ABOUT THIS EXERCISE
Instruction for the entries below: return the part that opens with the line containing "banadores-bikinis" and closes with the line containing "Weiße Damen Sneaker", exactly, and no pictures.

*** GIVEN DATA ***

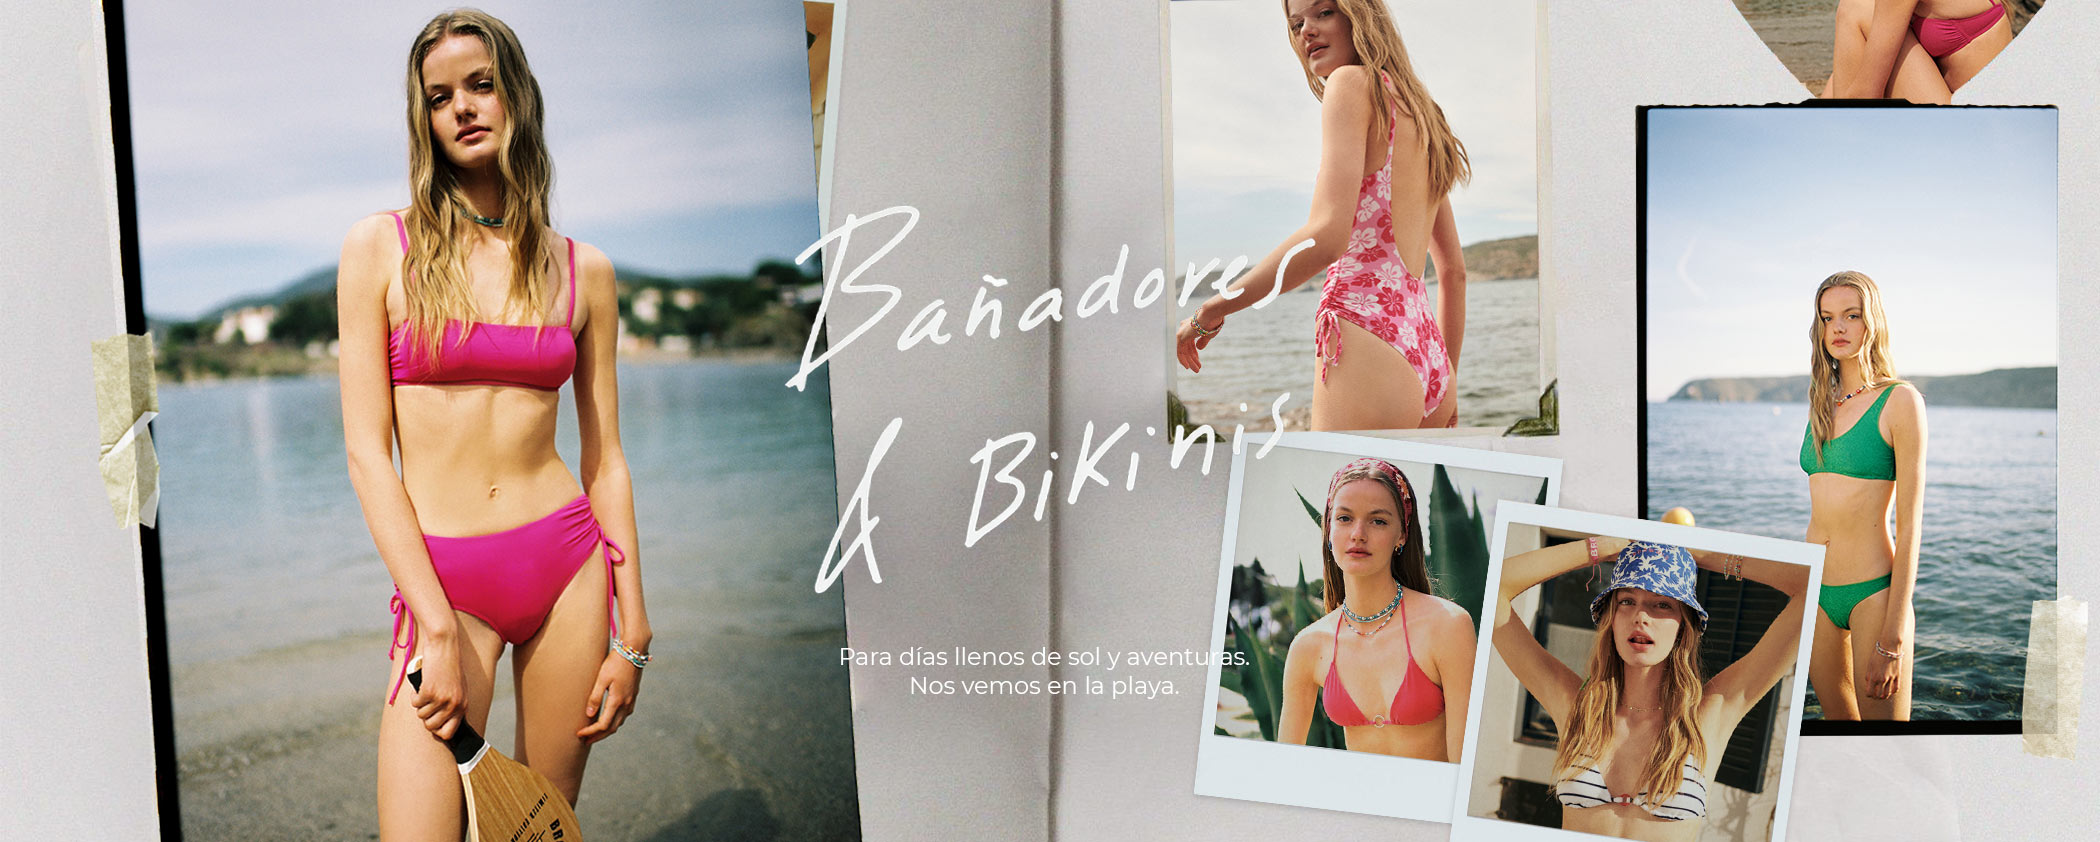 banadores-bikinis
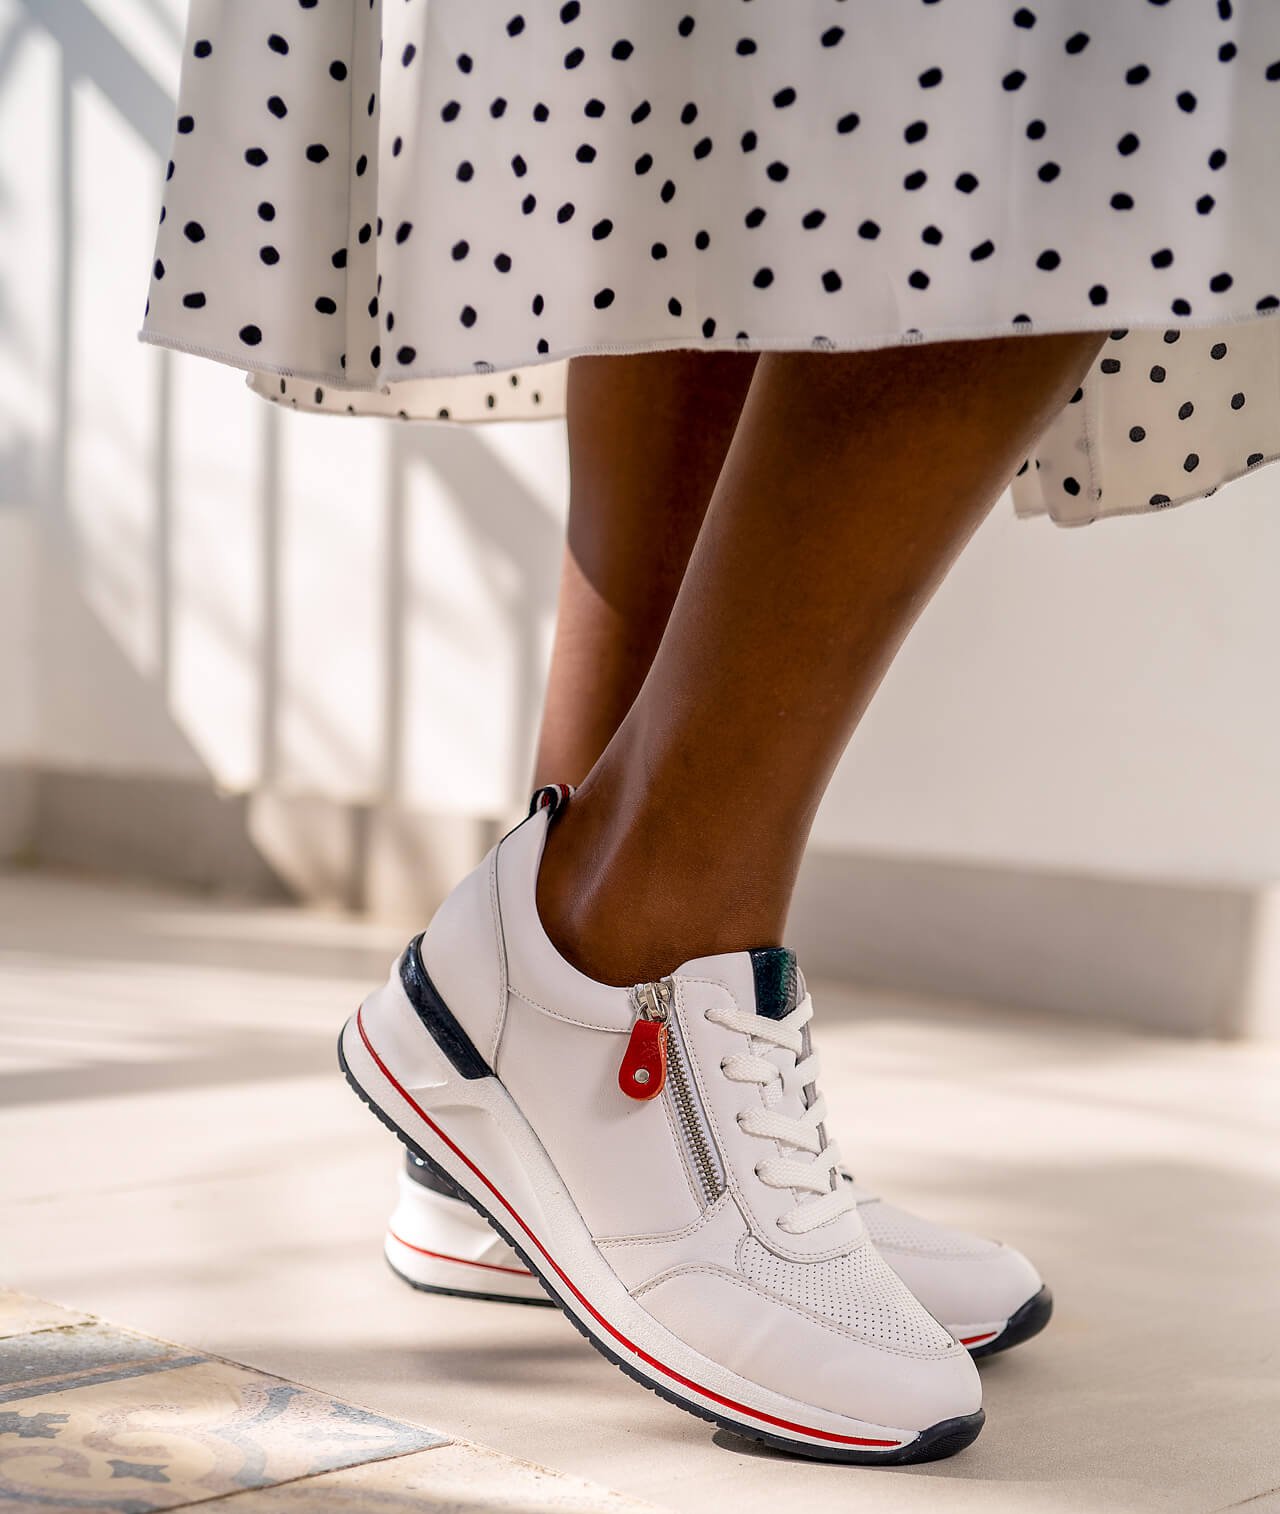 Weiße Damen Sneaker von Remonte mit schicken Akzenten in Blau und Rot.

***
*** GIVEN DATA ***

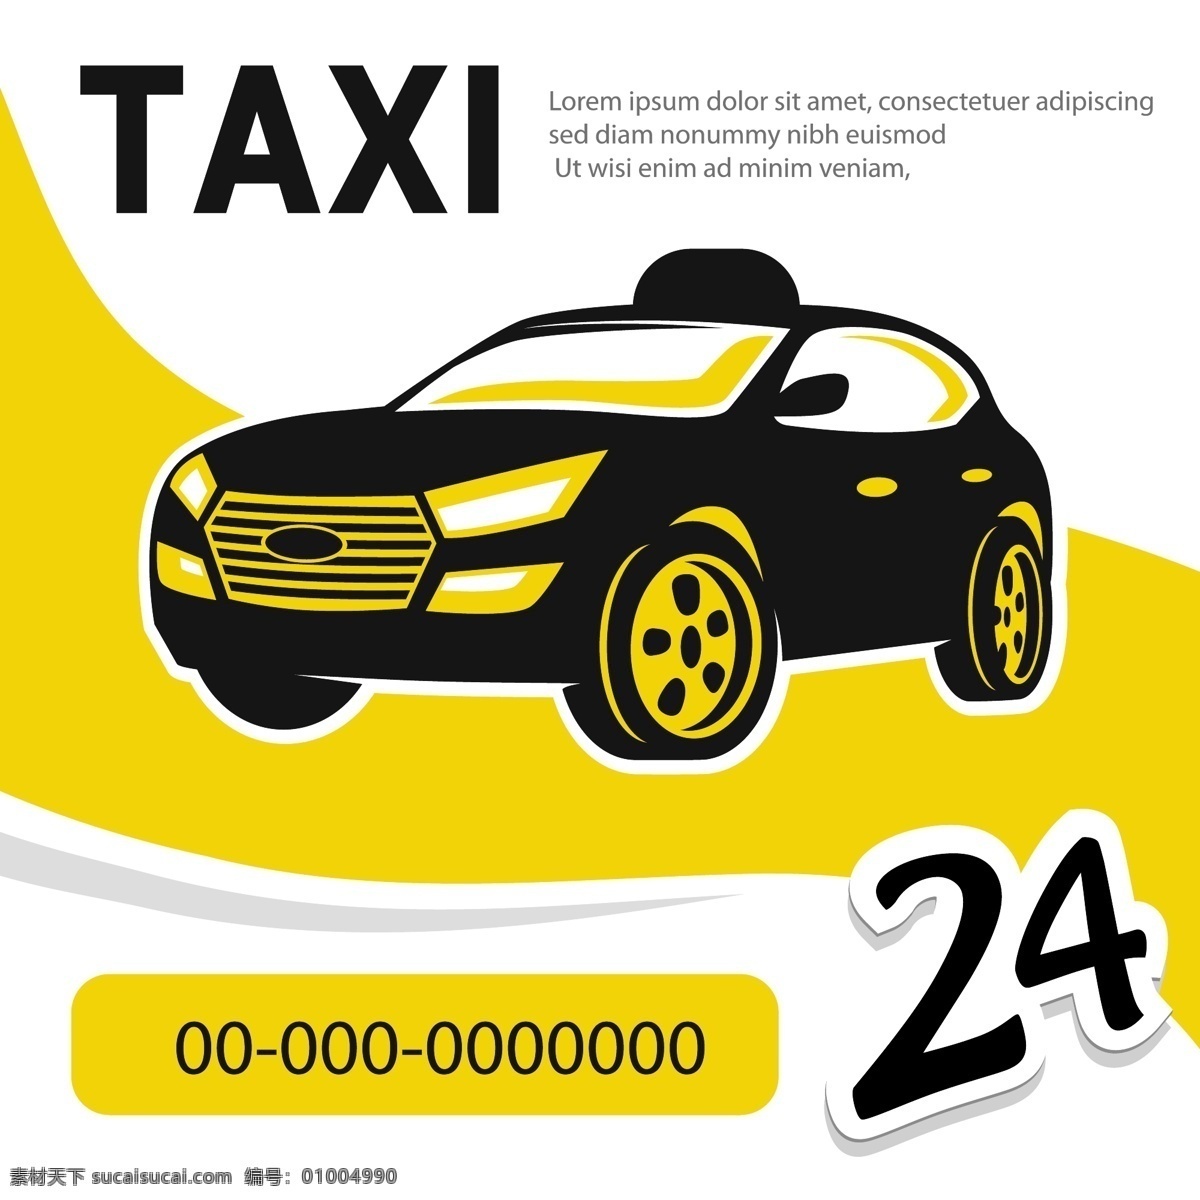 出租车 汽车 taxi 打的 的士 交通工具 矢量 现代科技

***
*** GIVEN DATA ***

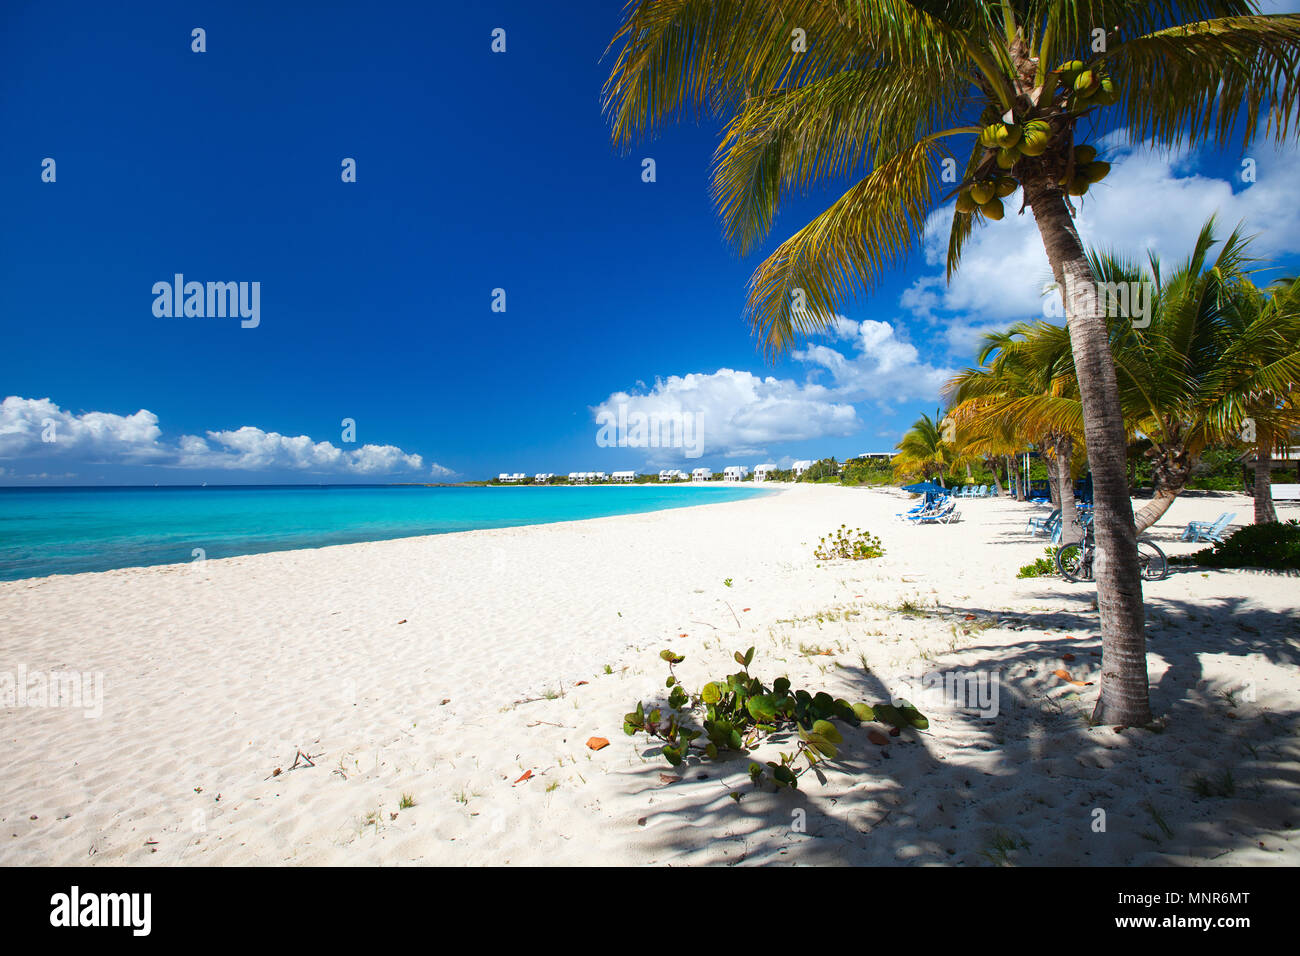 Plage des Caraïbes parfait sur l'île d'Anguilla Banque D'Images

***

RESPONSE
 banadores-bikinis
 Weiße Damen Sneaker von Remonte mit schicken Akzenten in Blau und Rot.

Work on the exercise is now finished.